Hey guys, did you know that Matthew Weiner, the creator and writer of Mad Men used to work on The Sopranos? Did you know that The Sopranos ended with a bell jingling and the screen going black and we have no idea what happens? Did you know that is exactly how Mad Men‘s fifth season ended last night?Sure, we were left with enough clues to figure out what happens (possibly) after the closing credits started to roll, but it just seems like this finale was like Weiner checking out and creating episodes on autopilot. Just like Don this season, it seems like the writing staff was taking the easy way out and happier to be spending their time with an attractive woman with a gap in her teeth than doing their job.
I mean, Don starts the episode with a toothache he’s ignoring. Which freshman year creative writing workshop did they take this symbol from? (However, it was interesting that, in this season about Don and the rest of the gang being encroached by modernity, Don has a very old fashioned solution to the problem, soaking his tooth in alcohol). Then, the over-arching theme of the episode was infidelity. Yup, an episode of Mad Men was about cheating. Does this horse have any life left in it or is it just lying on the ground in a bloody pile?
Still, it was a satisfying conclusion to a season that was marked by a profound inertia, in that it really didn’t go anywhere special. Alright, since it’s about cheating, let’s look at all the infidelities we saw last night, and we’ll end with Don, just like the episode did.
Joan and Lane: Joan feels some sort of strange fidelity to Lane after he hung himself at the end of the last episode. The two always had a bond, even though she was always spurning his advances, and it’s thanks to him that Joan is now a partner in the ever-more-profitable firm in the first place. With Lane gone, Joan feels the need to vote on the side of financial discretion, putting their growing profits away for a rainy day rather than splurging on a new office to fit all the new employees that have been filtering in. We can also assume that Joan has taken over many of Lane’s old responsibilities, making her even more powerful and central to the success of the agency than ever before (and still a stickler for Robert’s Rules of Order). Joan is also looking rather matronly in her glasses with a chain (a favored accessory of the dearly departed Ida Blankenship, the old crone who used to live a wild sexual existence). She’s gone from the office vamp to the head bitch in charge, and now that she’s slept with her last fat Jaguar executive, she’s not trying to be sexy for anyone anymore.

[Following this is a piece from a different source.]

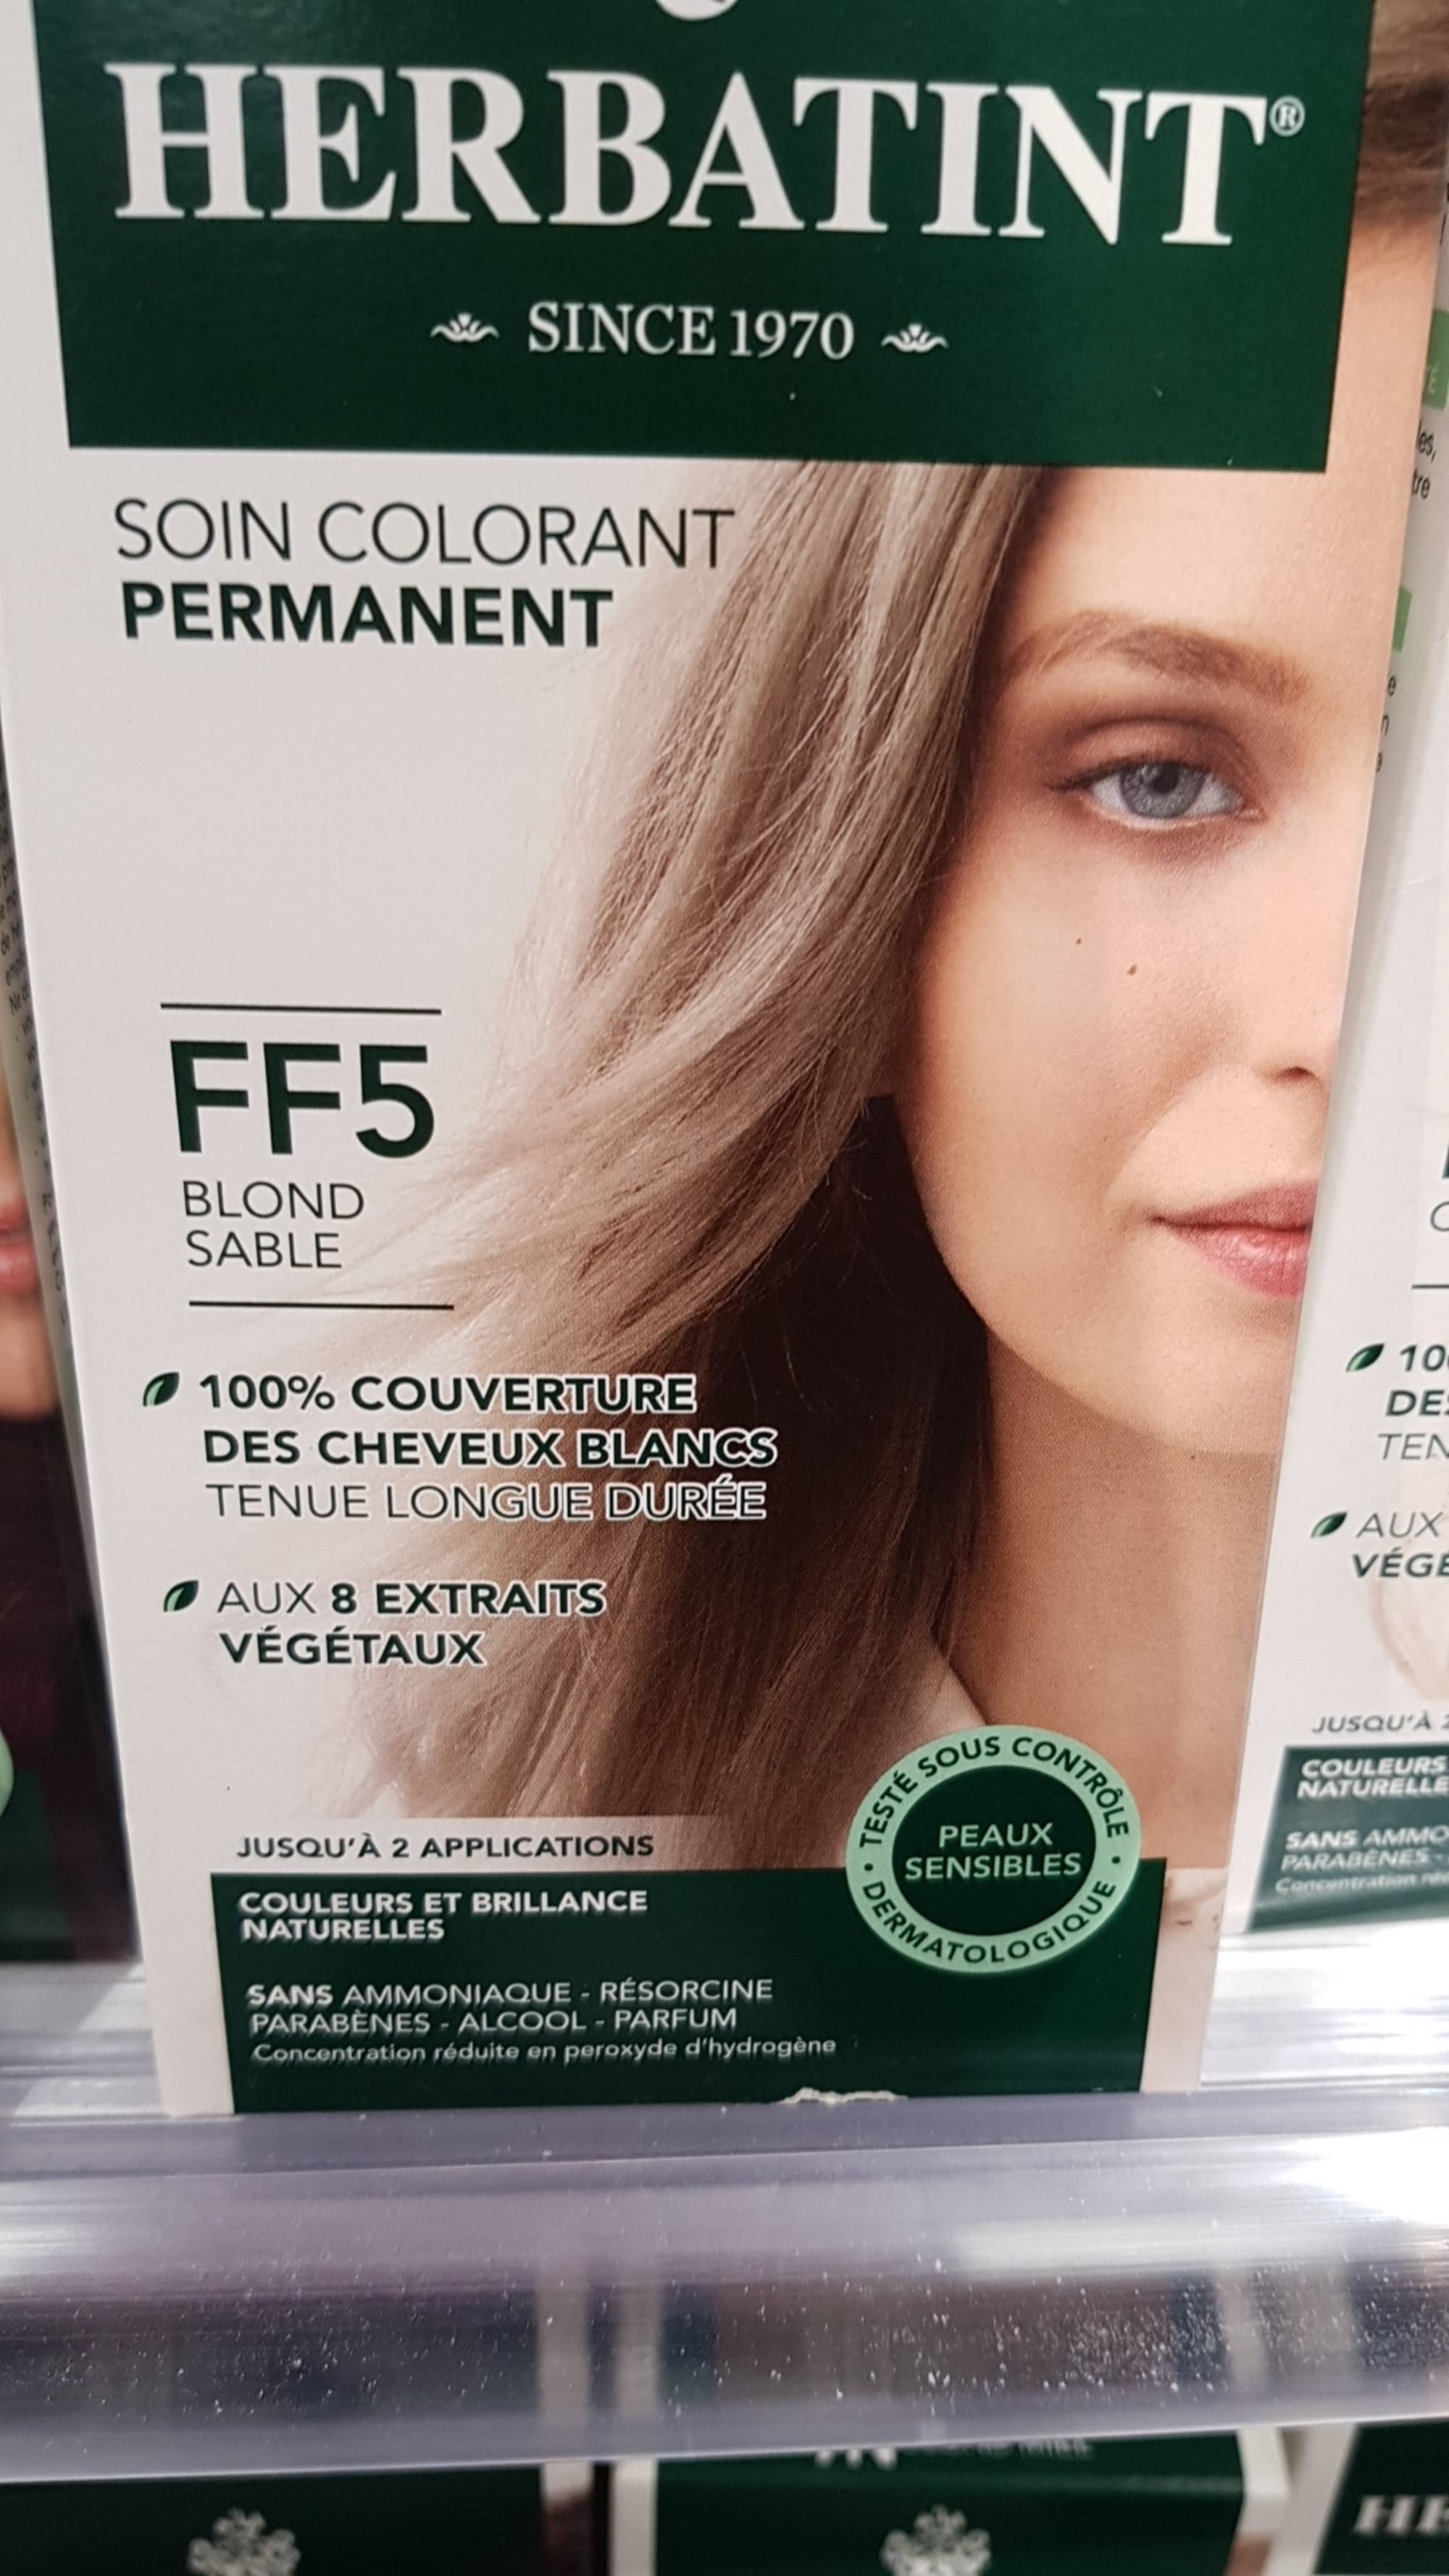 HERBATINT - Soin colorant permanent FF5 blond sable 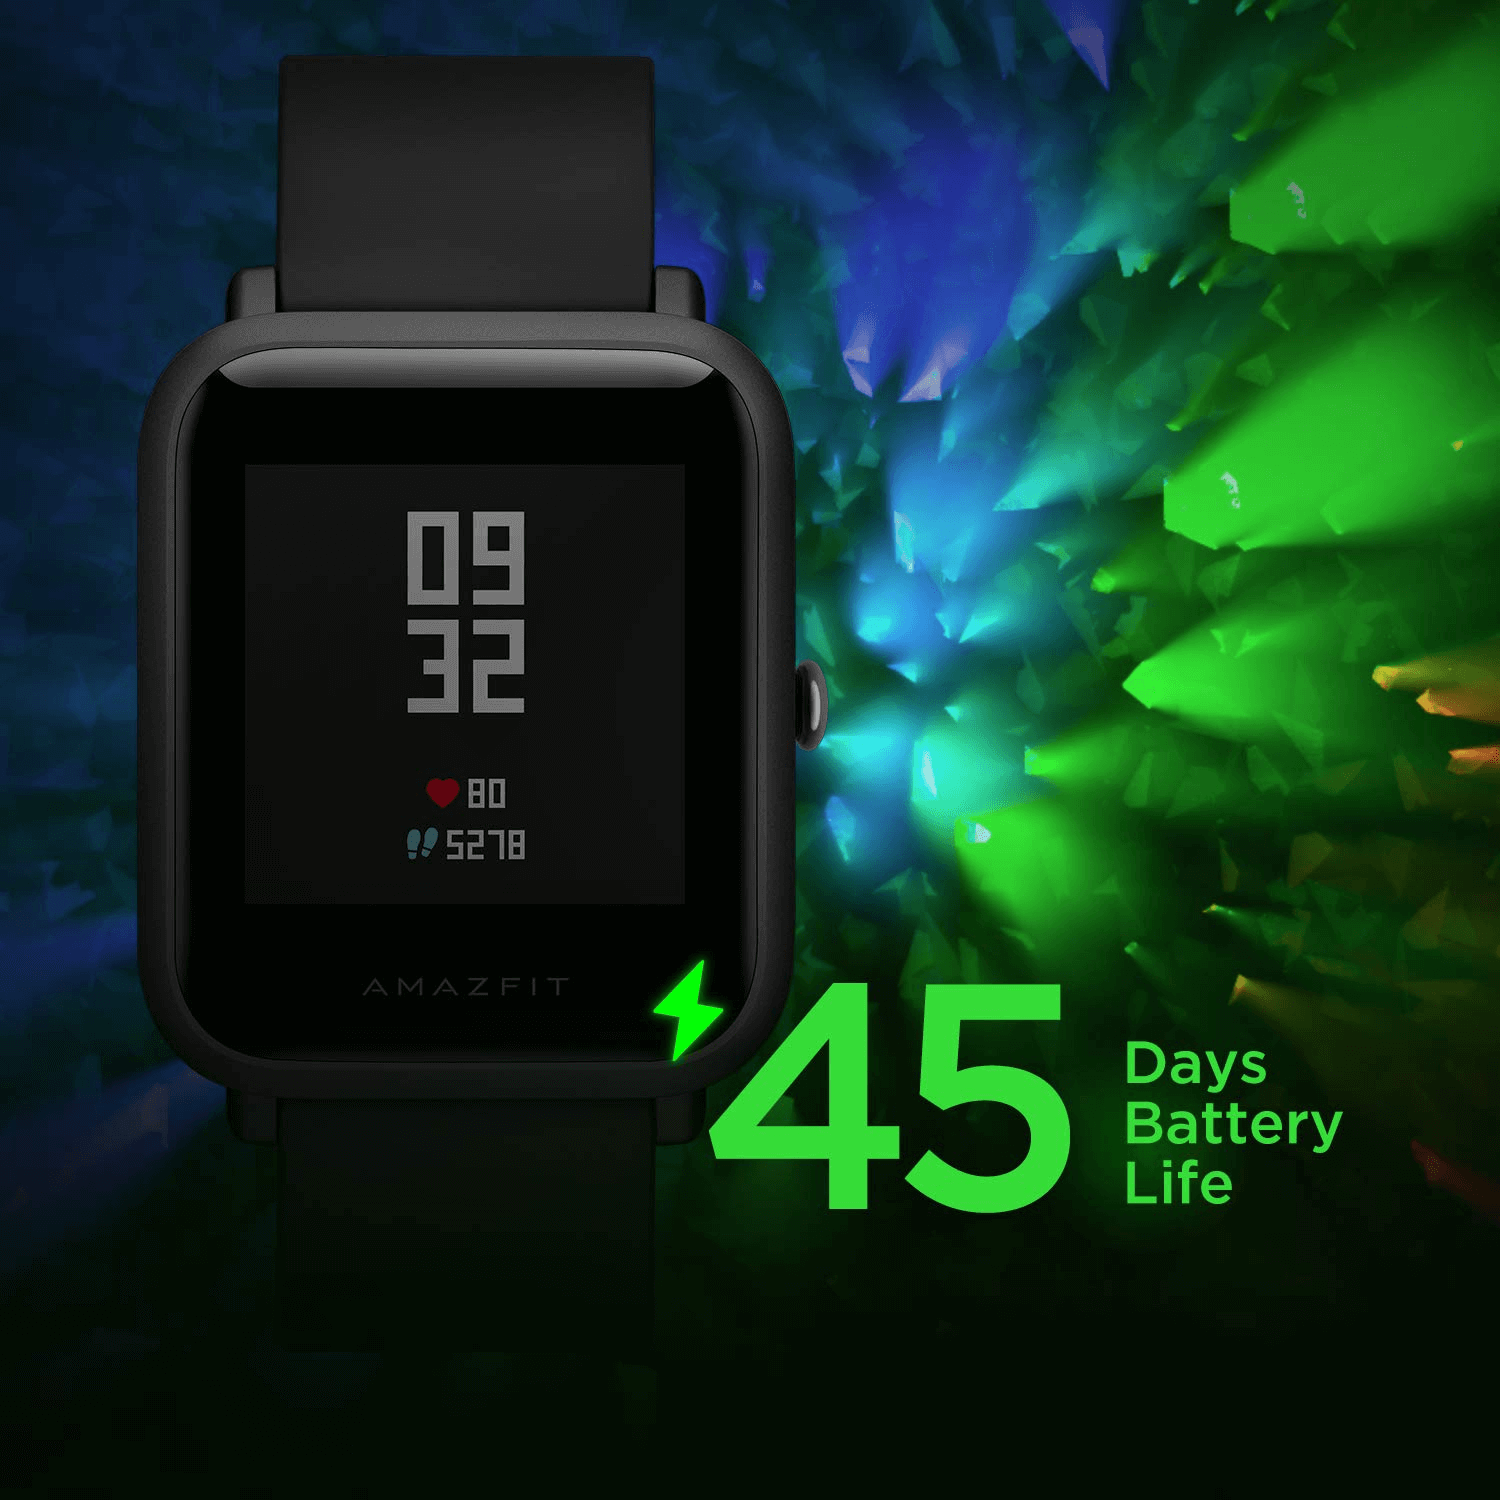 Amazfit Bip LIte 3ATM Water Resistance Smart watch 45 Days Battery Life for Android and ios - Black

Later we see Joan agonizing over the $175,000 check SCDP gets for Lane’s “death benefit.” She goes against the ghost of Lane and decides that maybe taking over the empty office space above there is a good idea. (Roger even says to get more space than they need, betting that the firm will continue to be more successful.) After lying about getting more room for associates to Harry Crane (who is worried about the pole in the middle of his office), she takes the partners up there and marks where the staircase is going to be. All five principals — Joan, Don, Pete, Bert, and Roger — stare out of the windows into the bright daylight. This is the same position we saw Lane in before he decided (or maybe while he was deciding to kill himself). Does this mean it’s doom for Sterling Cooper Draper (Pryce) is doomed? I don’t know. But this office is their future and right now, the future is empty.
Lane and His Wife: While Don is dealing with some serious Post-Traumatic Stress Disorder from Lane’s suicide and sees the ghost of his hanged brother everywhere, he feels a way to make himself feel better is to cut a $50,000 to Lane’s widow for the money he put into the firm to keep it afloat after Lucky Strike left. She takes the money (who wouldn’t) but she doesn’t let Don feel that much better about himself. She tells him that this their money anyway and this gesture isn’t nearly enough after “filling a man like that with ambition.” She blames the firm for his death, because it’s probably easier than blaming her husband. Don stays faithful to Lane’s memory and doesn’t tell his wife that he killed himself because he got caught embezzling.
The Widow Pryce also believes that Lane was cheating on her because she found the picture of a girl that he stole out of another man’s wallet. What’s ironic is that he got that picture when he found a man’s wallet in a cab and decided to “do the right thing” and return it to him, while having some sort of imaginary affair with the woman whose picture he found tucked away inside. He eventually did give the wallet back and never actually tried to sleep with the girl, but kept her picture as a sort of memento. Now that his wife has found it, his good deed has gone punished and the karma for stealing the photo has come back to him. What’s also ironic is that she thinks that Lane was actually sleeping with this woman when he’s far too cowardly to sleep with her in the first place.